▸ Supplied information

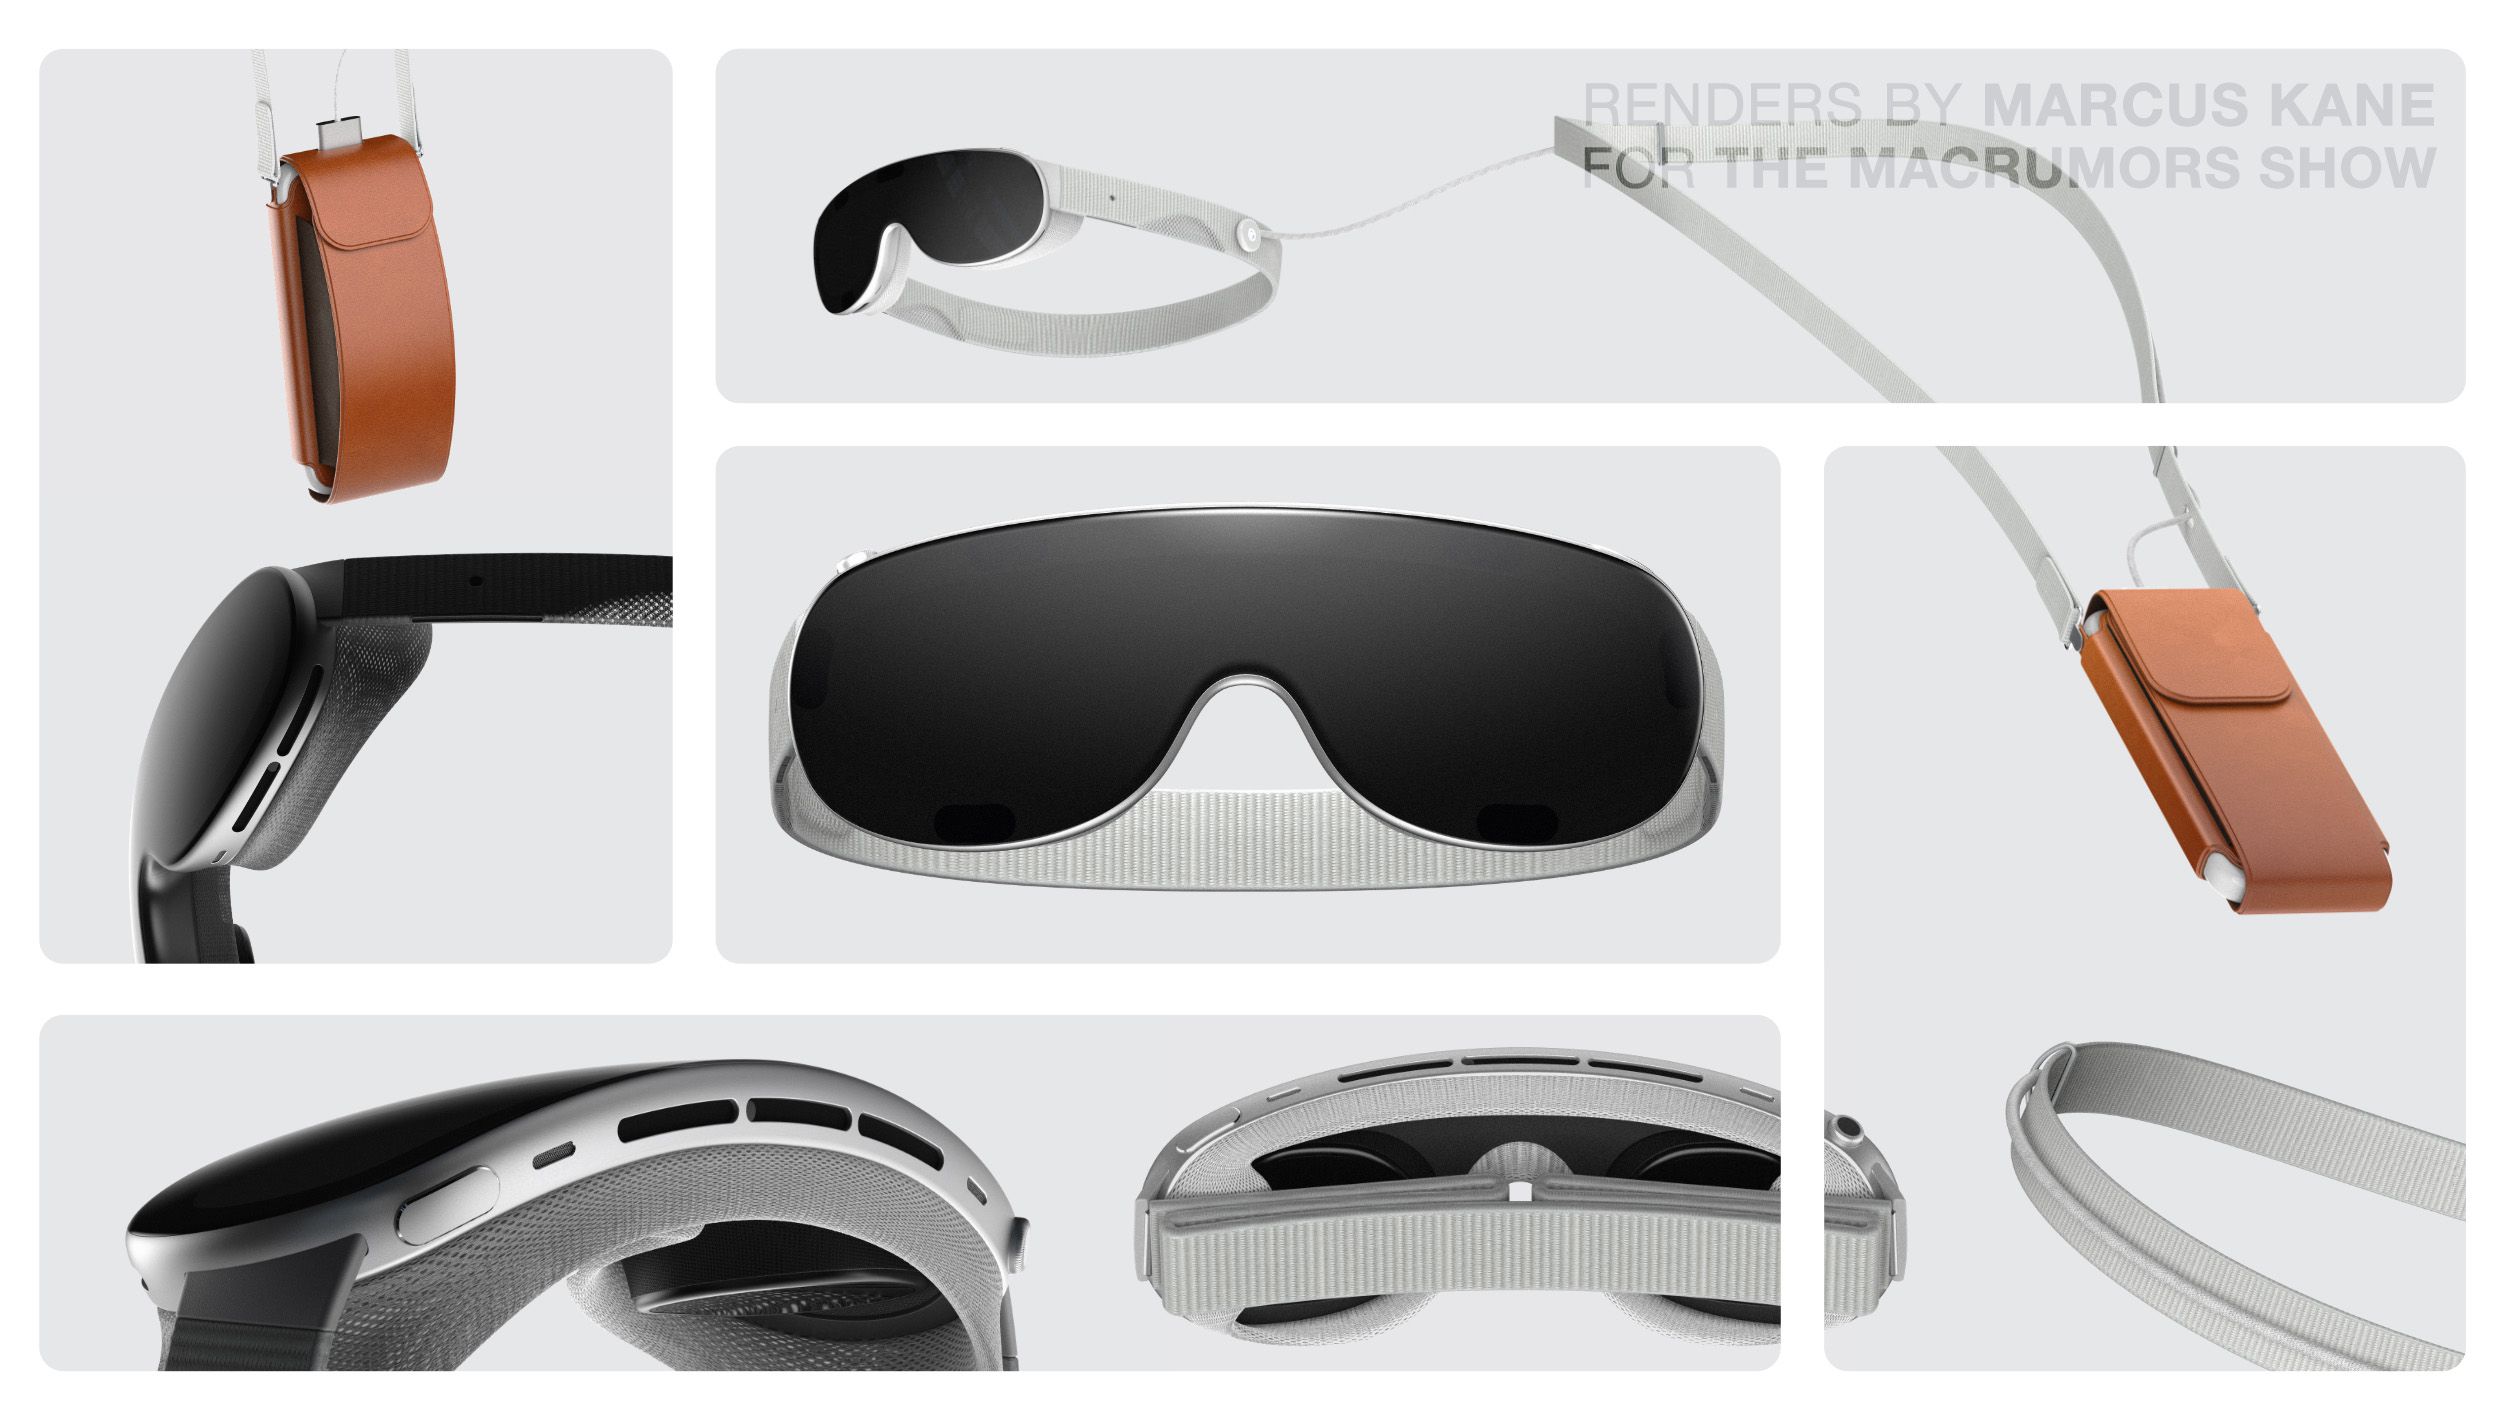 The MacRumors Show: Product Designer Marcus Kane Envisions What Apple's AR/VR Headset Could Look Like - macrumors.com
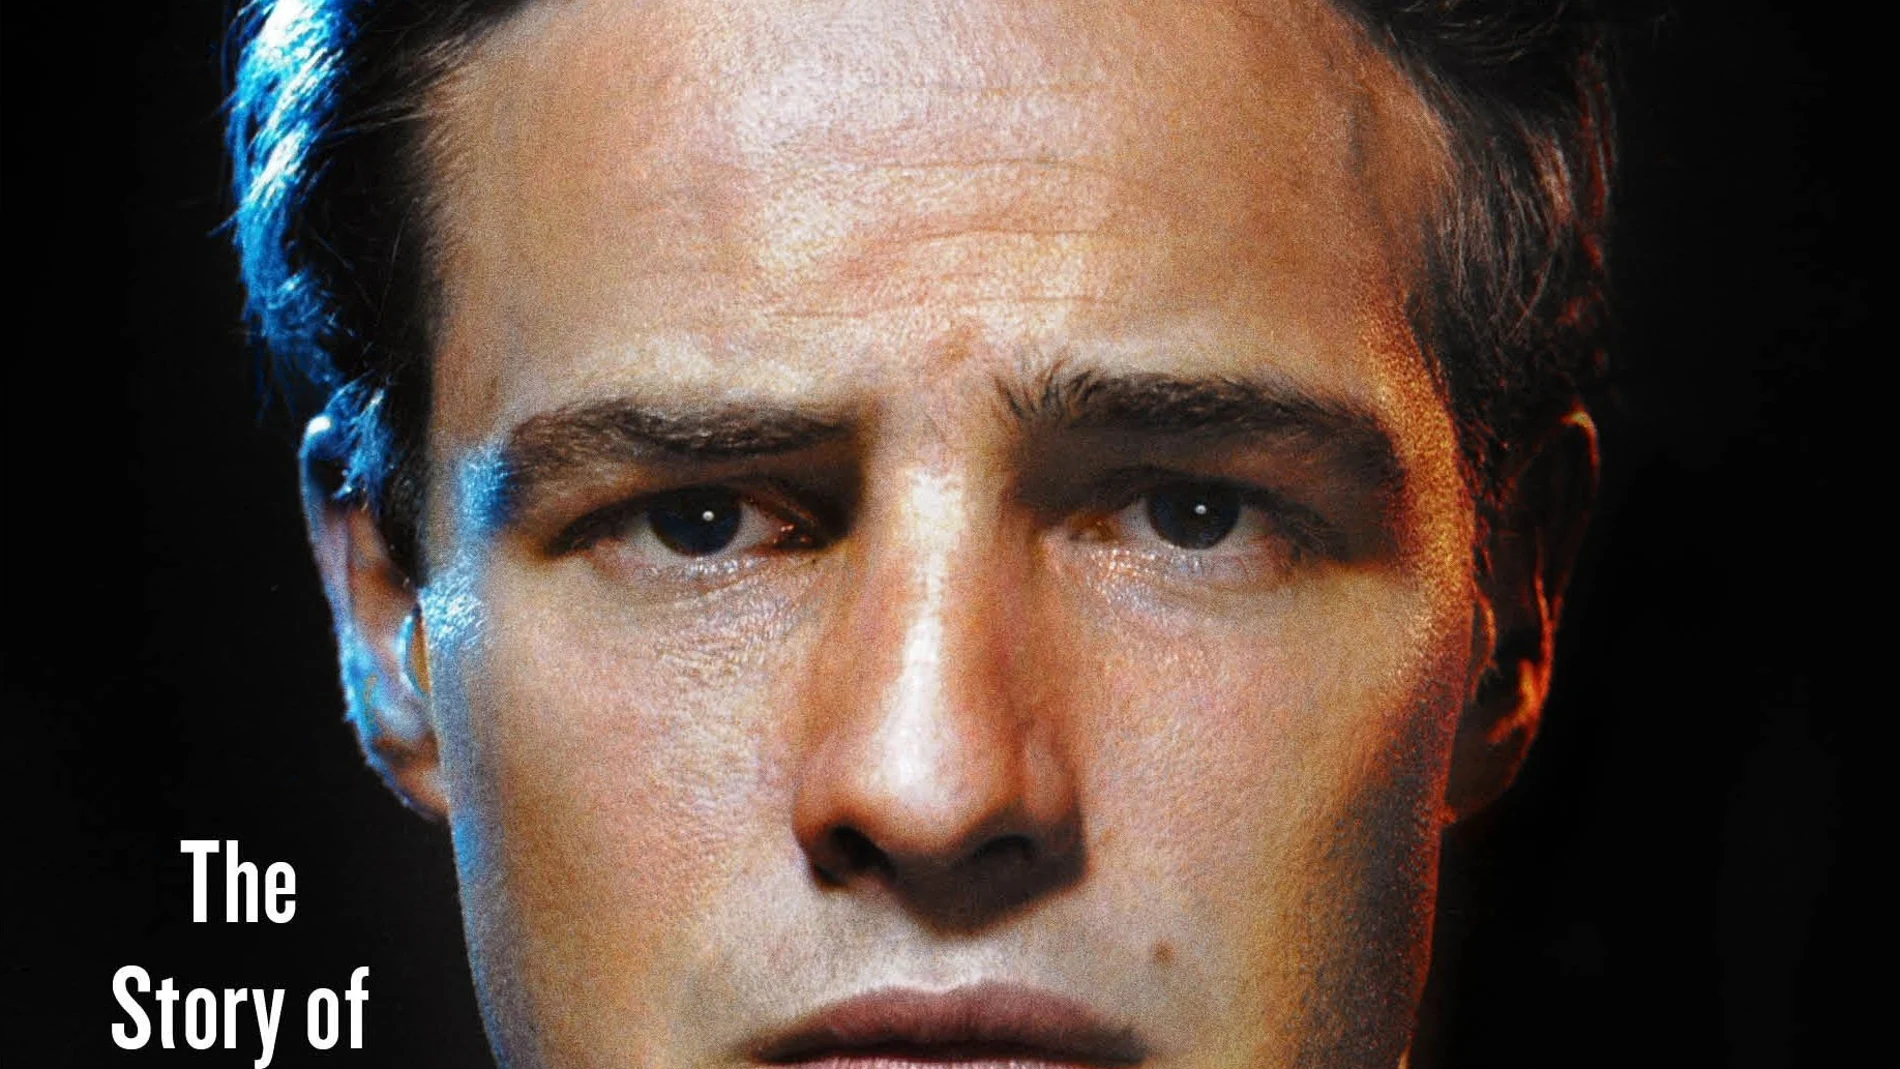 This cover image released by Harper shows "The Contender: The Story of Marlon Brando," by William J. Mann. (Harper via AP)
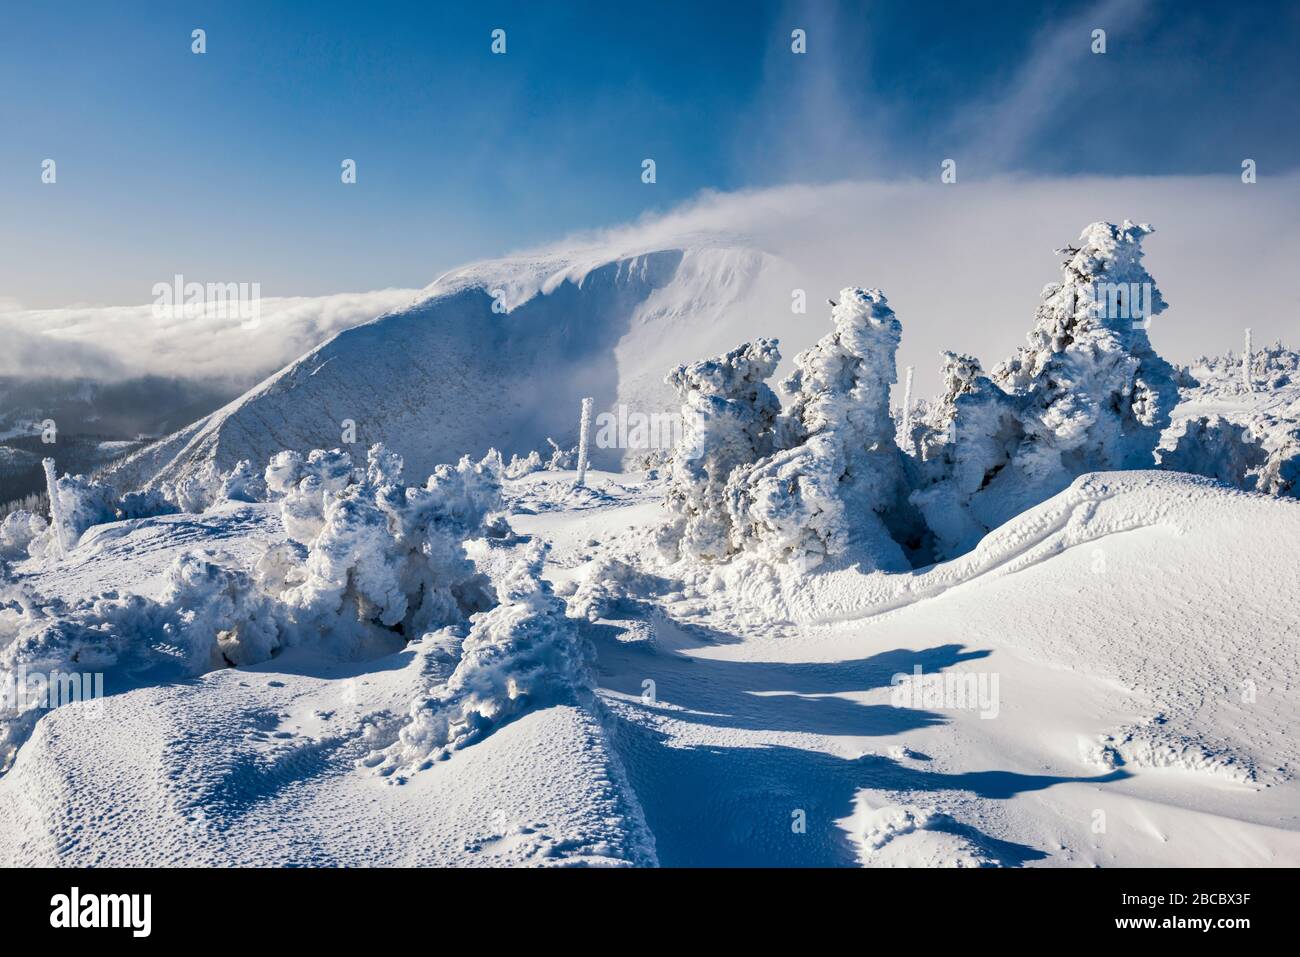 Trees, ice and snow encased, foehn cloud in distance, subalpine plateau at timber line, Karkonosze National Park, Lower Silesia, Poland Stock Photo

▸ What you need to do
Reproduce the material above in full, images excluded.

▸ Exercise response
 The MacRumors Show: Product Designer Marcus Kane Envisions What Apple's AR/VR Headset Could Look Like - macrumors.com
 This cover image released by Harper shows "The Contender: The Story of Marlon Brando," by William J. Mann. (Harper via AP)
 Trees, ice and snow encased, foehn cloud in distance, subalpine plateau at timber line, Karkonosze National Park, Lower Silesia, Poland Stock Photo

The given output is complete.